Bug 104718 - SAXParseException: Allow to recover XML as much as possible from the document
Summary: SAXParseException: Allow to recover XML as much as possible from the document
Alias: None
Product: LibreOffice
Classification: Unclassified
Component: filters and storage (show other bugs)
(earliest affected)
Hardware: All All
: medium enhancement
Assignee: Mike Kaganski
Whiteboard: target:5.4.0
Depends on:
Reported: 2016-12-16 17:36 UTC by Mike Kaganski
Modified: 2017-01-22 05:04 UTC (History)
1 user (show)

See Also:
Crash report or crash signature:


Note You need to log in before you can comment on or make changes to this bug.
Description Mike Kaganski 2016-12-16 17:36:05 UTC
Currently (since 5.0.4), when LO opens an XML format (ODF, OOXML) file with errors (like duplicated attributes, data-past-body etc.) an error "SAXParseException: ..." is returned to user, and the file isn't opened.

This is the result of better error detection/handling introduced by commit ebf767eeb2a169ba533e1b2ffccf16f41d95df35, and allowed us to detect and fix quite a number of errors.
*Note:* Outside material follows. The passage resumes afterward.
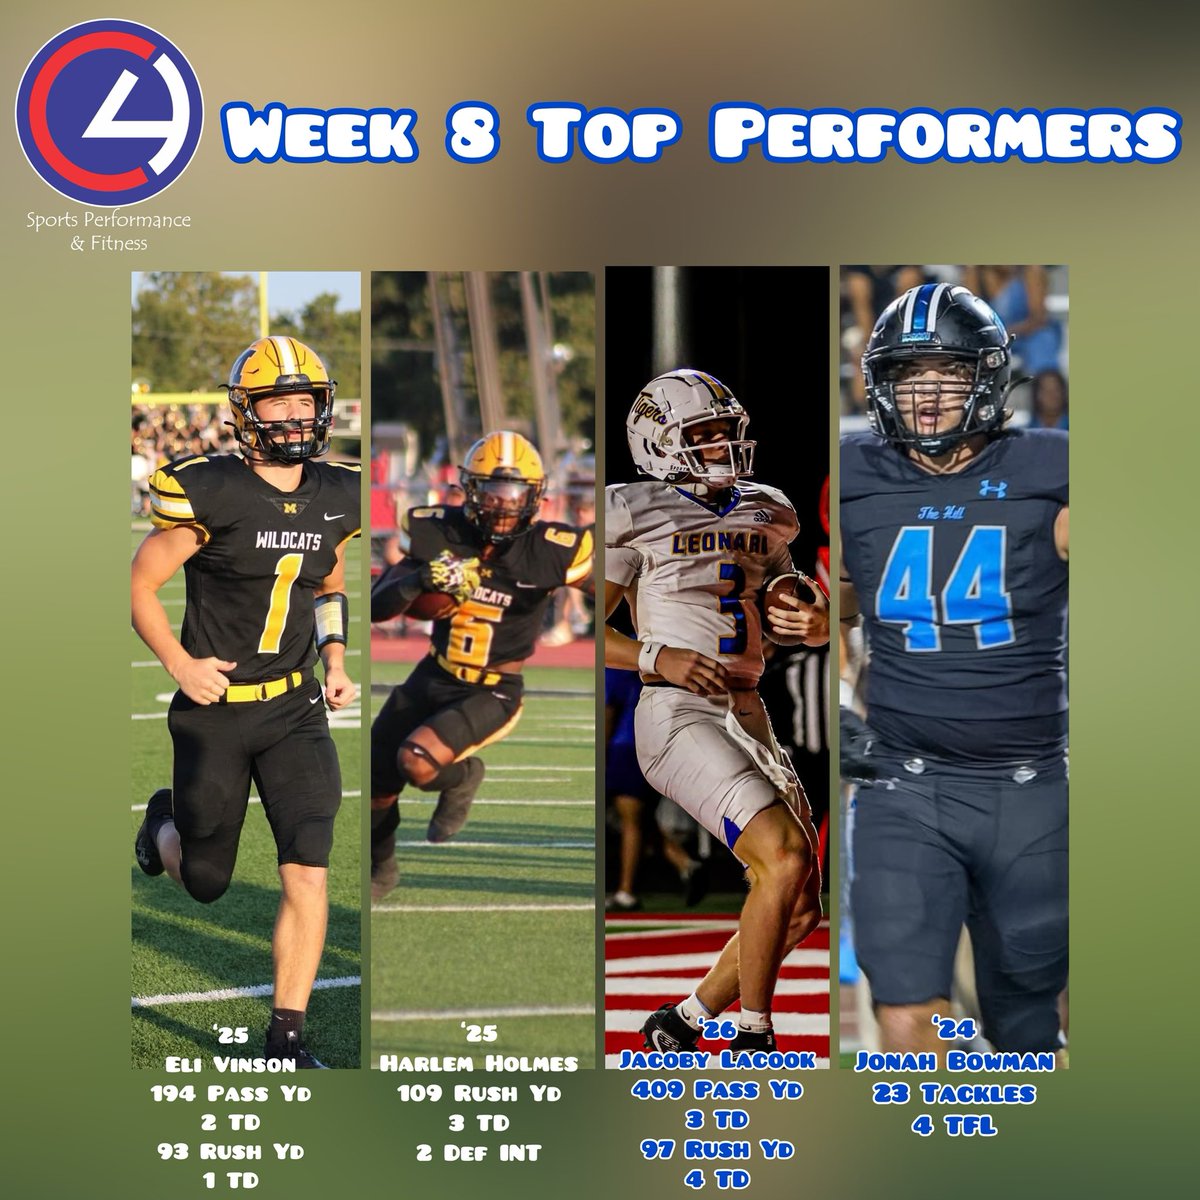 🏈🔥 C4 Week 8 Top Performers 🐯’25 @EliVinson6 🐯 ‘25 @harlemholmes7 🐅 ‘26 @LacookJacoby 🦅 ‘24 @JonahhBowman 3⭐️ ( @AF_Football Commit) #C4Family #RecruitTEXOMA #C4Football

However, it is really a problem for end users being unable to open the corrupted files that were possible to be open previously. This leads, e.g., to creations of HOWTOs in Ask Libreoffice, that describe using AOO as correct way to open those files.
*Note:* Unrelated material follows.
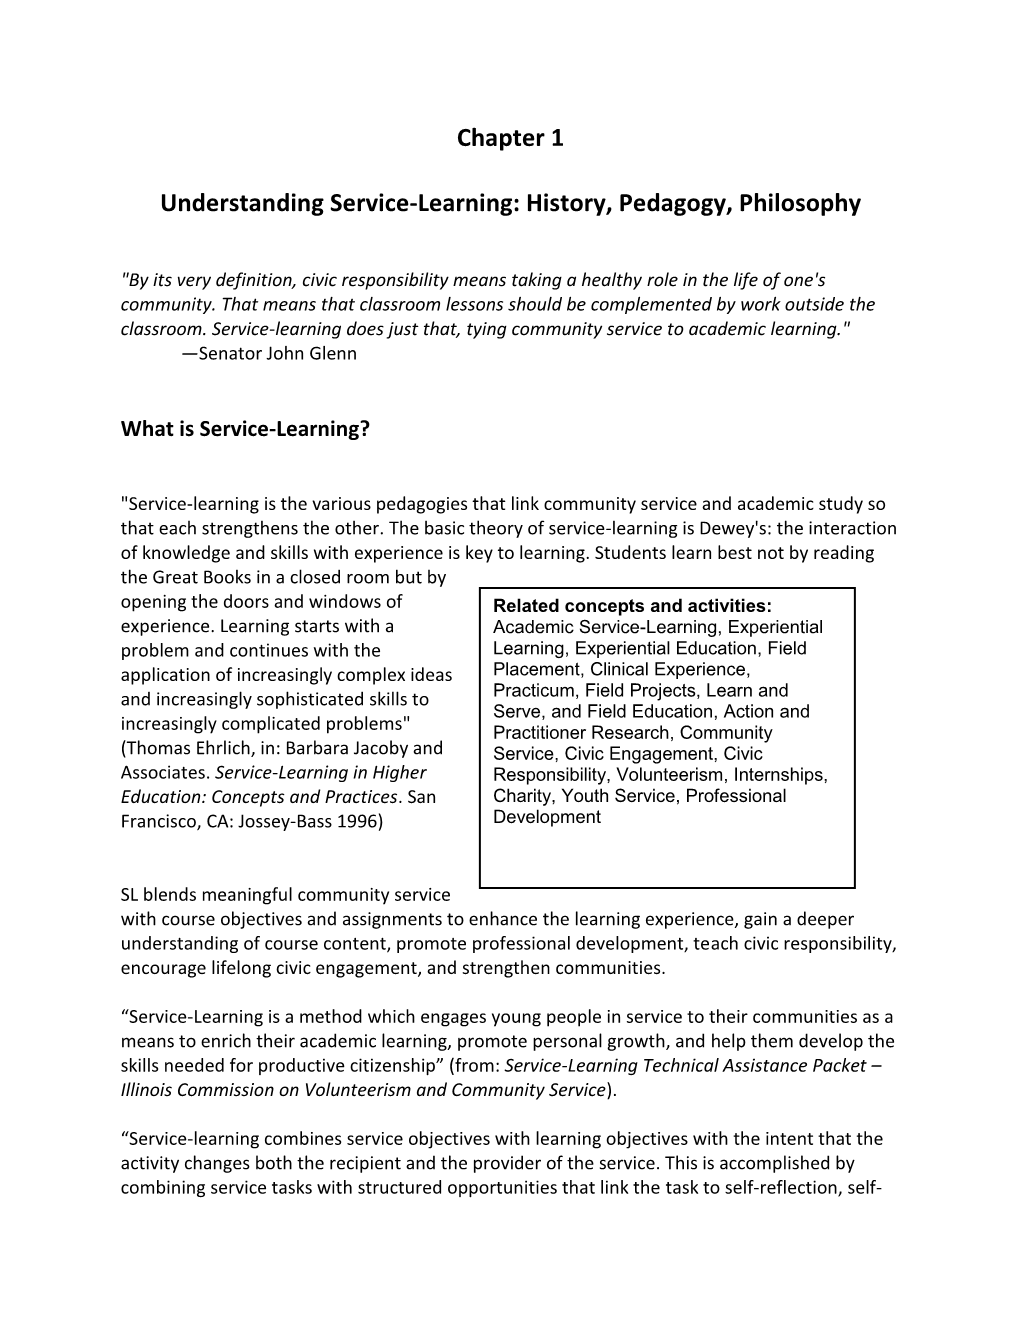 Chapter 1 Understanding Service-Learning

I suggest changing current operation logic to be like that:
If SAXParseException was generated during XML parsing, then display something like this to user:
"This file is corrupted (<Here goes current SAXParseException message>). LibreOffice may try to recover as much as possible, but be prepared that some information can be damaged or lost. Do you want to proceed?"

If user says "yes", then parsing continues as it worked before ebf767eeb2a169ba533e1b2ffccf16f41d95df35. Following SAXParseException are handled as if used answered "yes" each time.

If an unrecoverable exception is encountered, then, of course, return message "File cannot be recovered".

I suppose that the nature of the message is clear enough, and users will continue to file reports about such problems (esp. if the problematic file was previously generated using LO).
Comment 1 MM 2016-12-23 19:39:56 UTC
I've seen more reports like that, so it would be nice if LO atleast opens the file and recovers as much as possible.
Comment 2 Mike Kaganski 2017-01-16 18:28:09 UTC
A patch is submitted to gerrit: https://gerrit.libreoffice.org/33181
Comment 3 Commit Notification 2017-01-19 07:02:41 UTC
Mike Kaganski committed a patch related to this issue.
It has been pushed to "master":


tdf#104718: Prompt user to continue on SAXException

It will be available in 5.4.0.

The patch should be included in the daily builds available at
http://dev-builds.libreoffice.org/daily/ in the next 24-48 hours. More
information about daily builds can be found at:

Affected users are encouraged to test the fix and report feedback.